**EXERCISE DATA:**
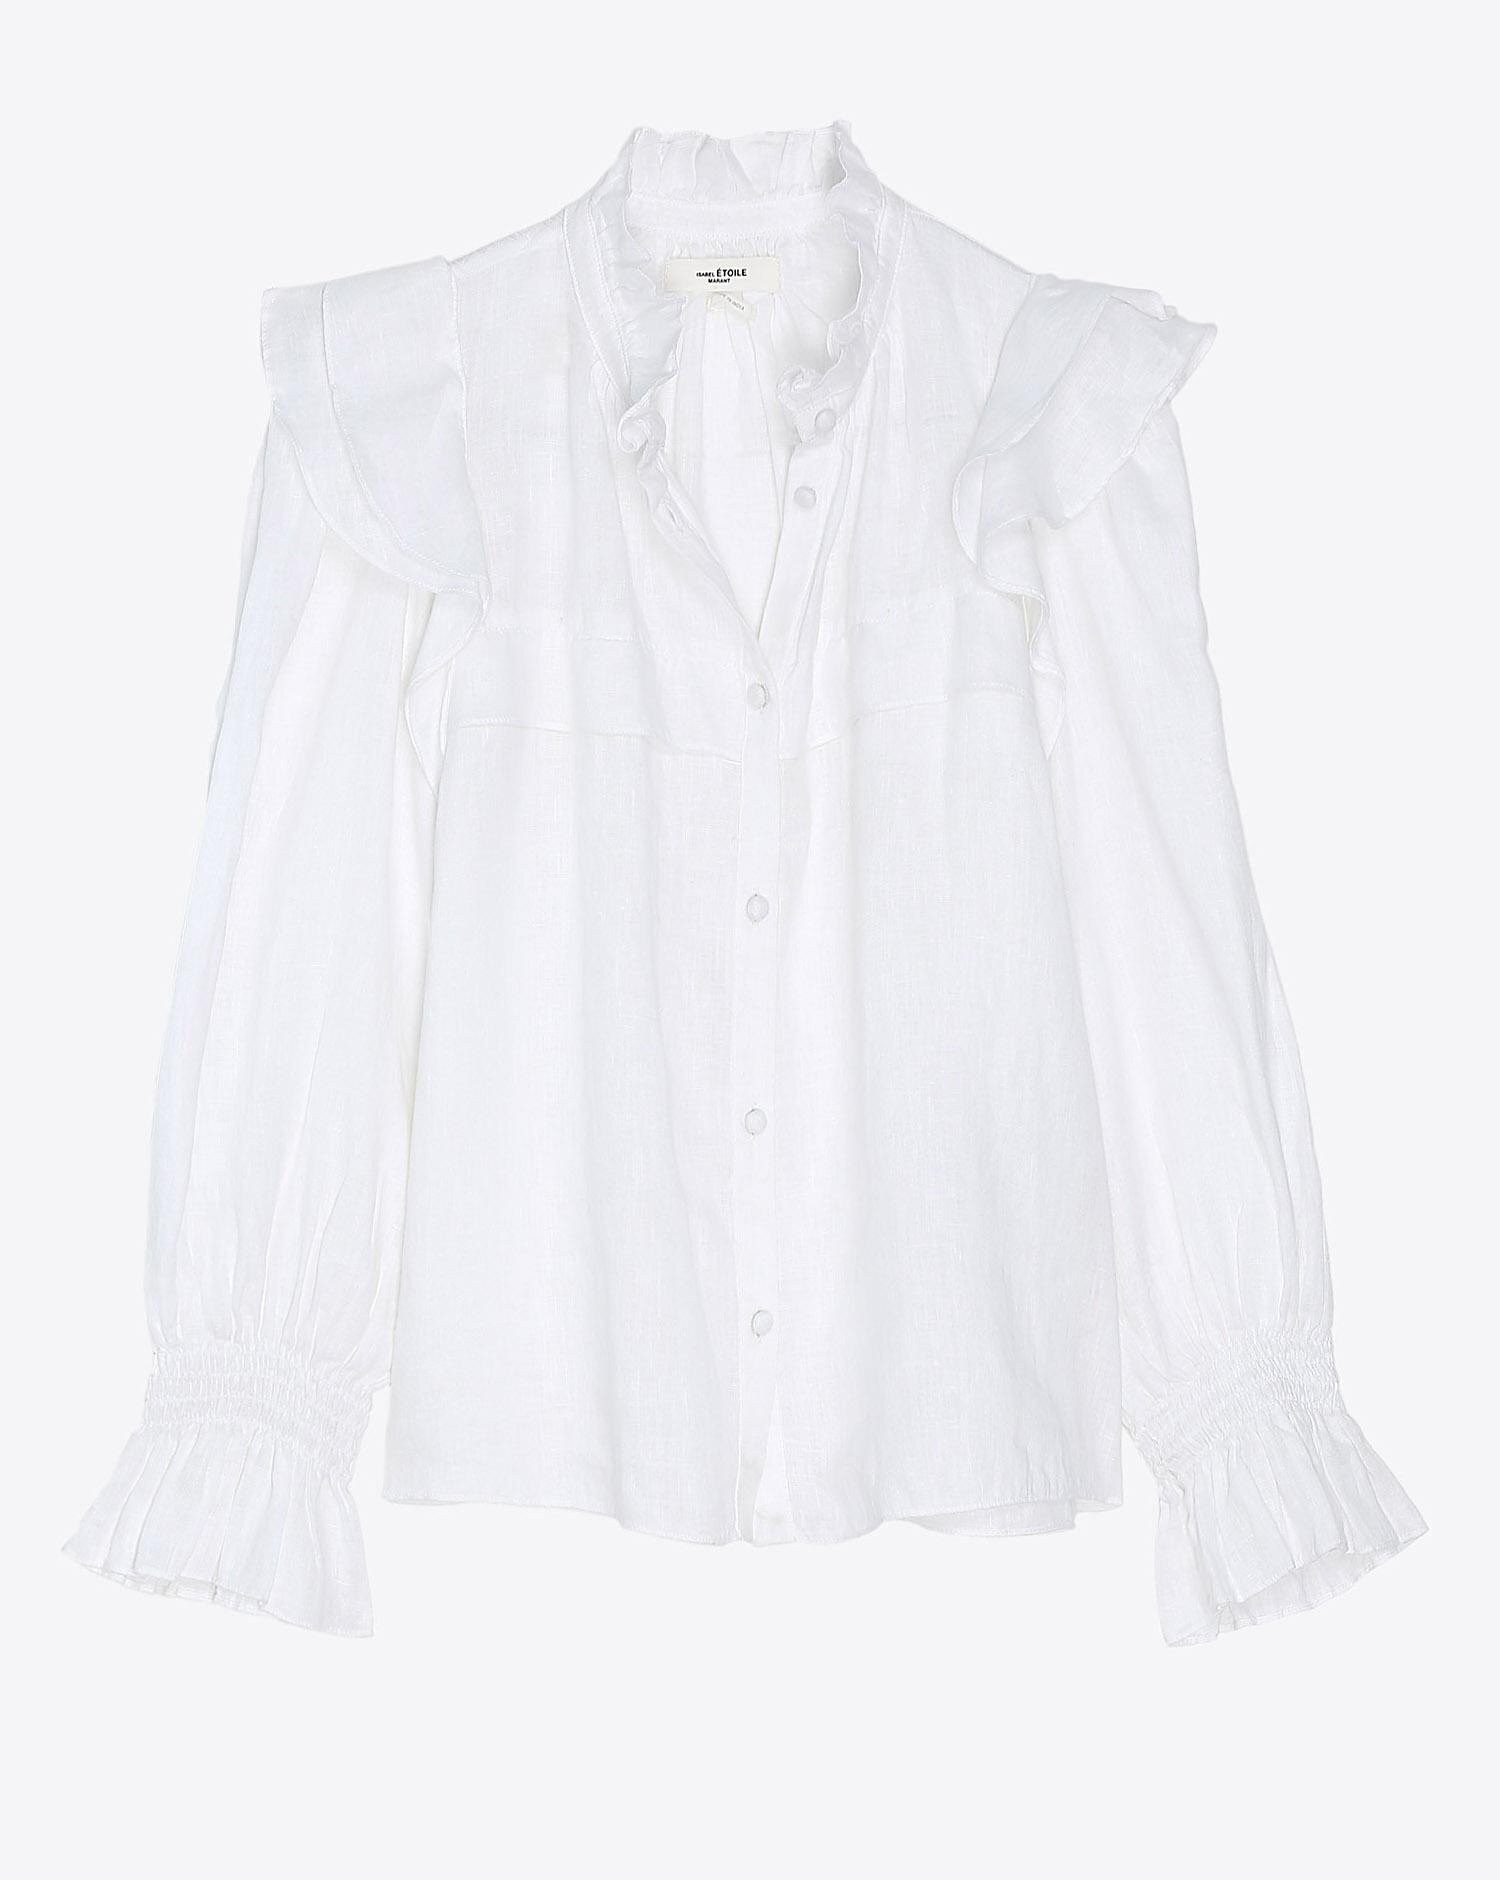 Étoile Isabel Marant Tedy Shirt in White — UFO No More
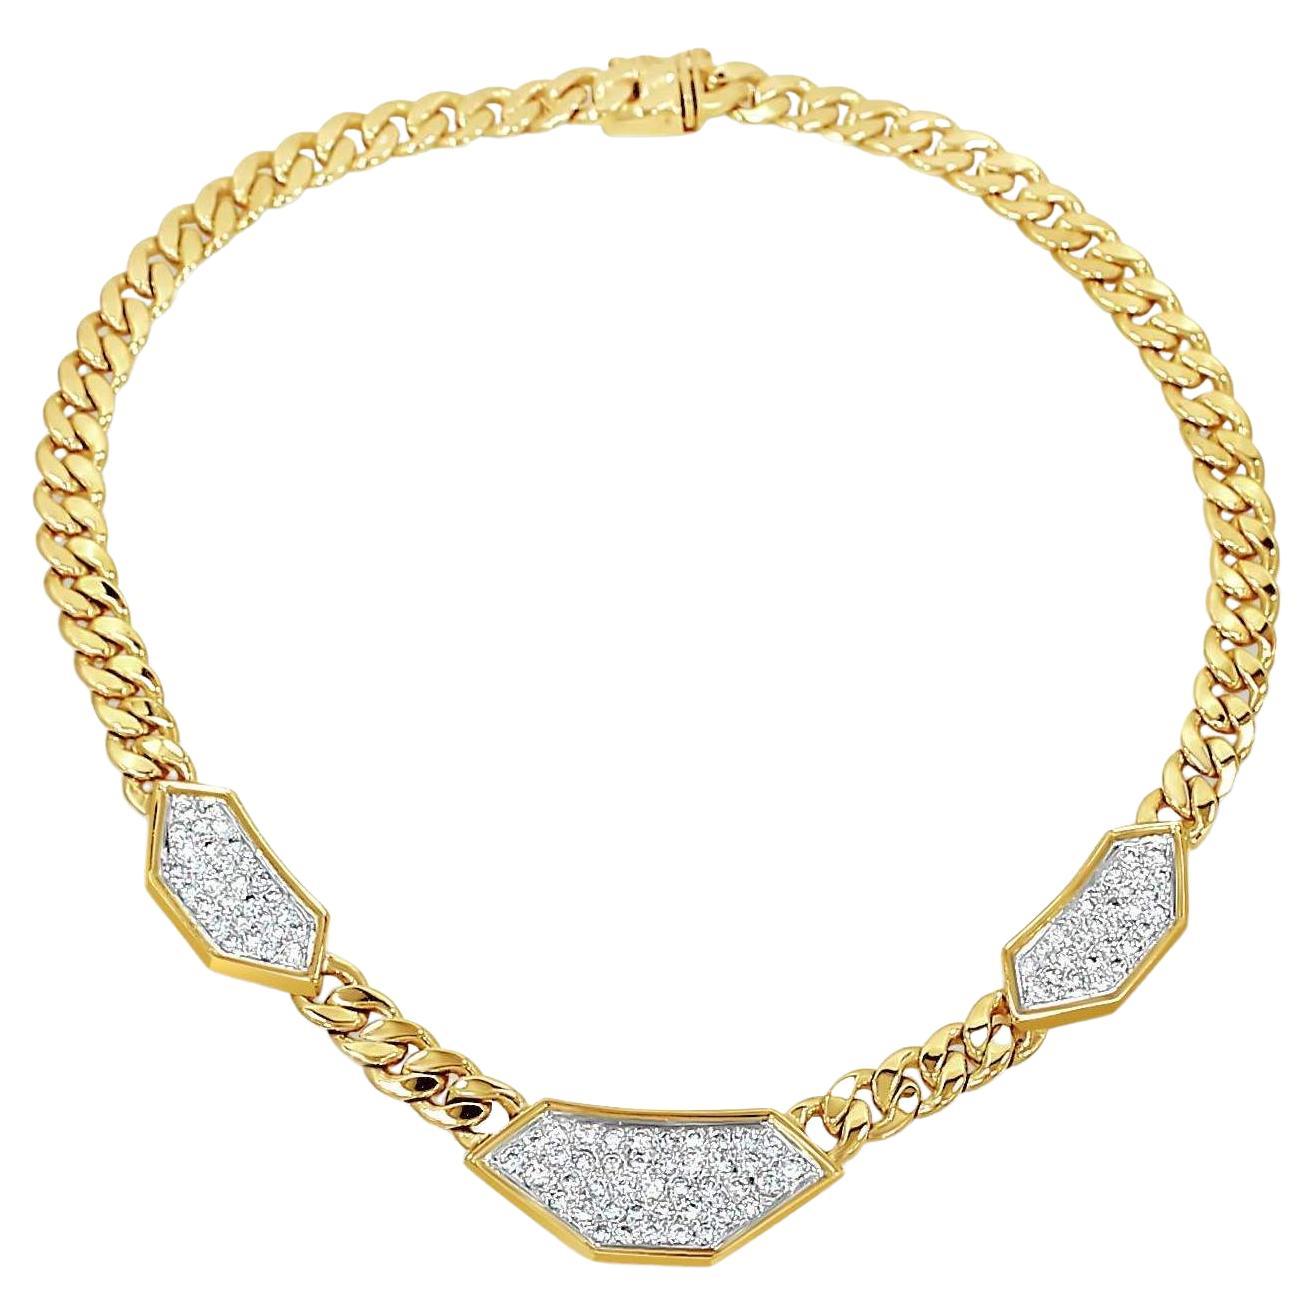 Hammerman Brothers Diamond Necklace with 102 Pave Diamonds 3.00 CTW in 14K YG
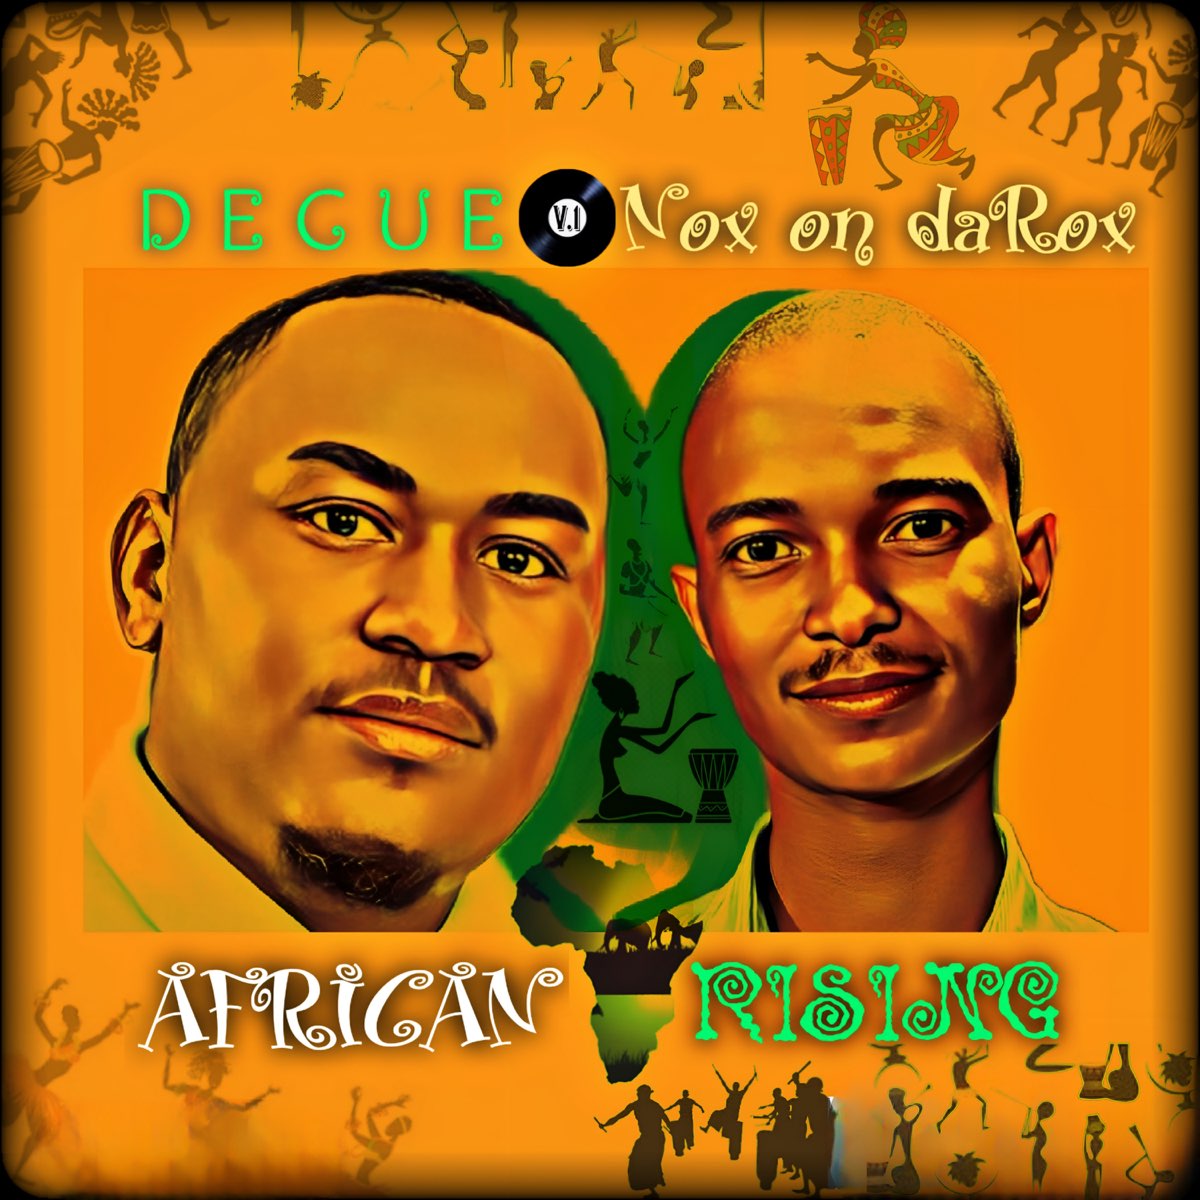 African Rising (feat. Decue) - EP - Album by Nox on daRox - Apple Music
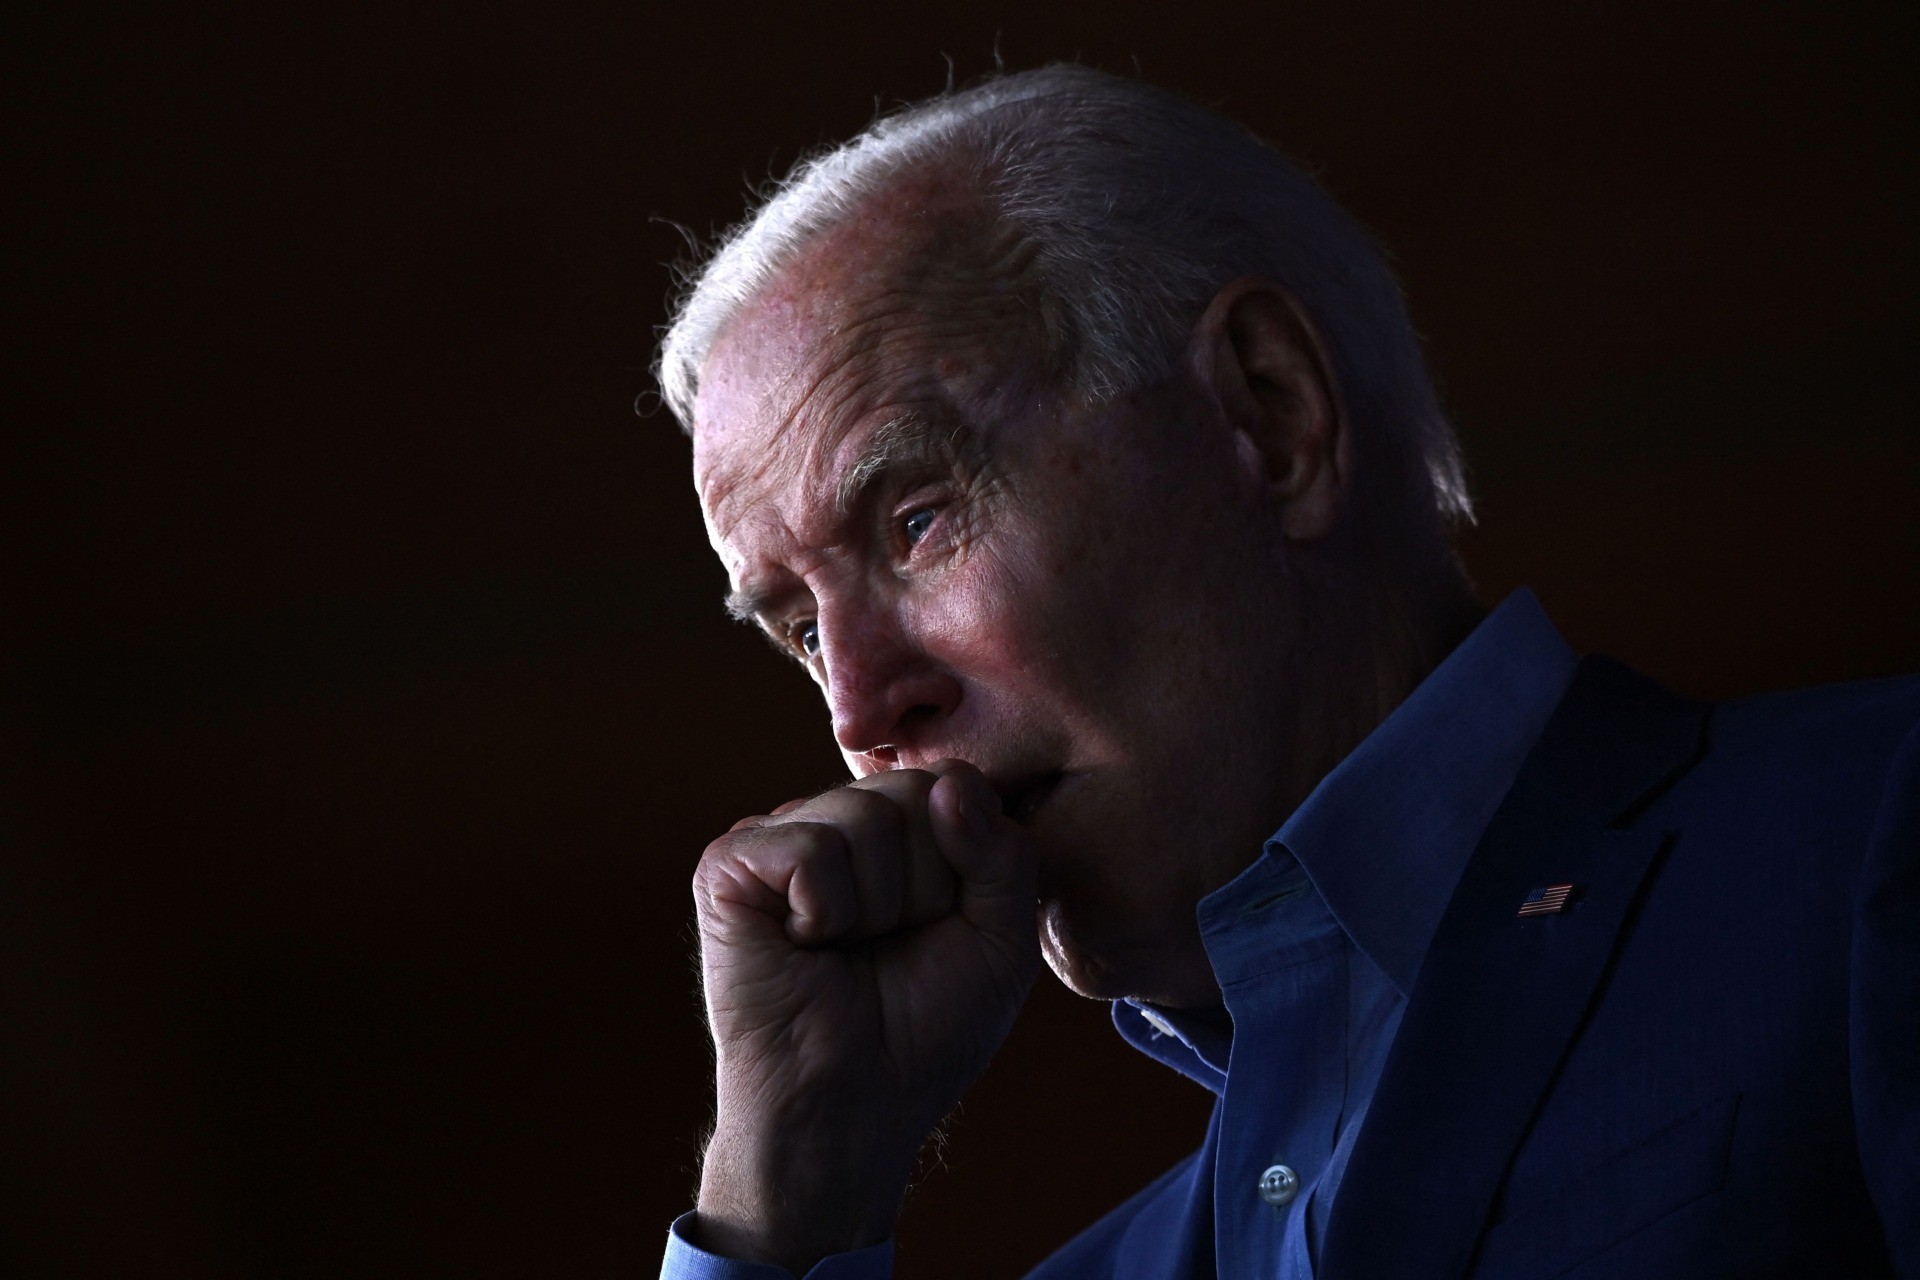 US President Joe Biden clears his throat as he speaks during a campaign event for Virginia gubernatorial candidate Terry McAuliffe at Lubber Run Park, Arlington, Virginia on July 23, 2021. (Photo by Brendan SMIALOWSKI / AFP) (Photo by BRENDAN SMIALOWSKI/AFP via Getty Images)

**AIM OF THE TASK:** Starting with the line that contains "African Rising (feat.", repeat each line exactly through the last line of the data above, and nothing more; the pictures stay out.

**EXPECTED OUTPUT:**
 African Rising (feat. Decue) - EP - Album by Nox on daRox - Apple Music
 US President Joe Biden clears his throat as he speaks during a campaign event for Virginia gubernatorial candidate Terry McAuliffe at Lubber Run Park, Arlington, Virginia on July 23, 2021. (Photo by Brendan SMIALOWSKI / AFP) (Photo by BRENDAN SMIALOWSKI/AFP via Getty Images)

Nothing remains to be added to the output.